In this study, an attempt was made to enrich wheat bread with an infusion based on dried ground ivy herb. The conducted research is innovative from the point of view of studies on the usefulness of various plant raw materials that can potentially improve the health-promoting properties of bread. The obtained research results provide a lot of information related to the effect of GH infusion on the fermentation properties of flour and the quality of bread, including the content of bioactive components in the finished product. It was found that replacing water with ground ivy infusions of various concentrations (1, 3, 5%) affected the fermentation properties of flour, the values of flour and dough parameters determined using a farinograph and the quality, including the health-promoting properties of bread. The fermentation properties of wheat flour deteriorated, because the samples containing GH infusion were characterized by a smaller volume of CO₂ produced and carbon dioxide released outside the dough and retained in the dough. The water absorption of the flour and the dough development time increased with the increase in the infusion concentration. In turn, the dough stability did not change nor was it extended under the influence of G. hederacea L. infusions, but at the same time, an increase in dough softening was noted. The GH infusion had an adverse effect on the volume of bread and the color of the crumb. Nevertheless, the infusion of ground ivy improved the antioxidant potential of bread and the content of total polyphenols. UPLC analysis allowed the identification of 11 phenolic compounds, among which rutin dominated. This indicates the probable pro-health potential of bread enriched with the infusion of the ground ivy herb.

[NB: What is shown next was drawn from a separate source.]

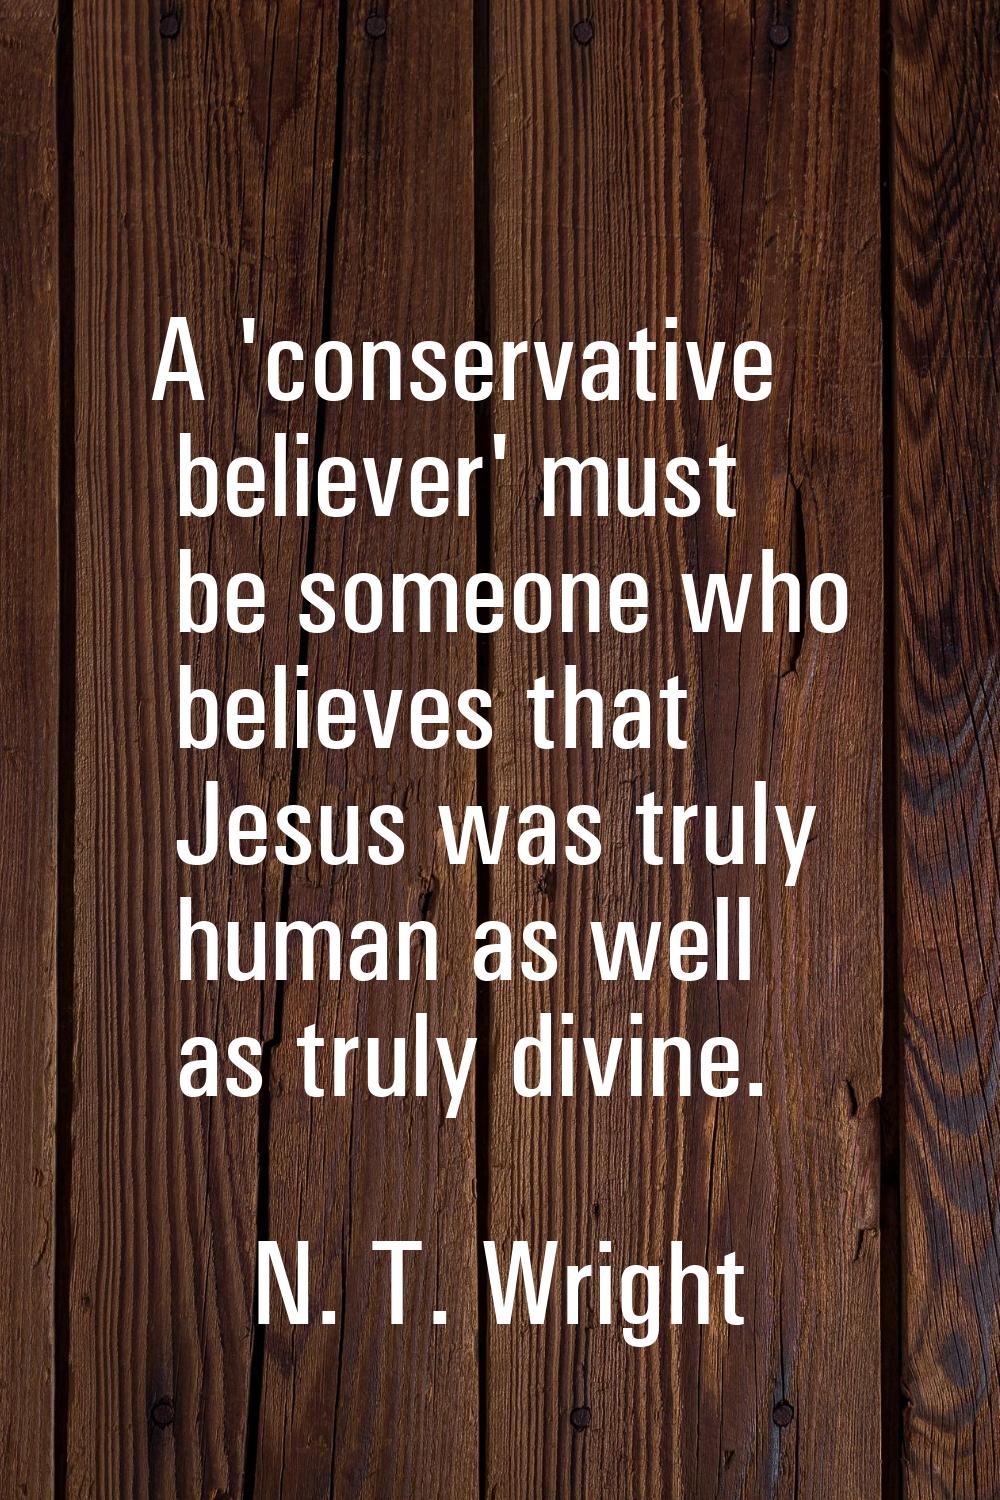 A 'conservative believer' must be someone who believes that Jesus was truly human as well as truly

Therefore, the infusion of ground ivy is an interesting additive enriching wheat bread in terms of bioactive substances. However, replacing water in the recipe with a GH infusion with a concentration of 3% may be a compromise between technological parameters and pro-health values from a technological point of view. In the future, research should also be undertaken related to the sensory and consumer evaluation of the obtained bread, because its results are not only necessary to determine the level of ground ivy addition but also crucial for the consumer acceptance of the new product.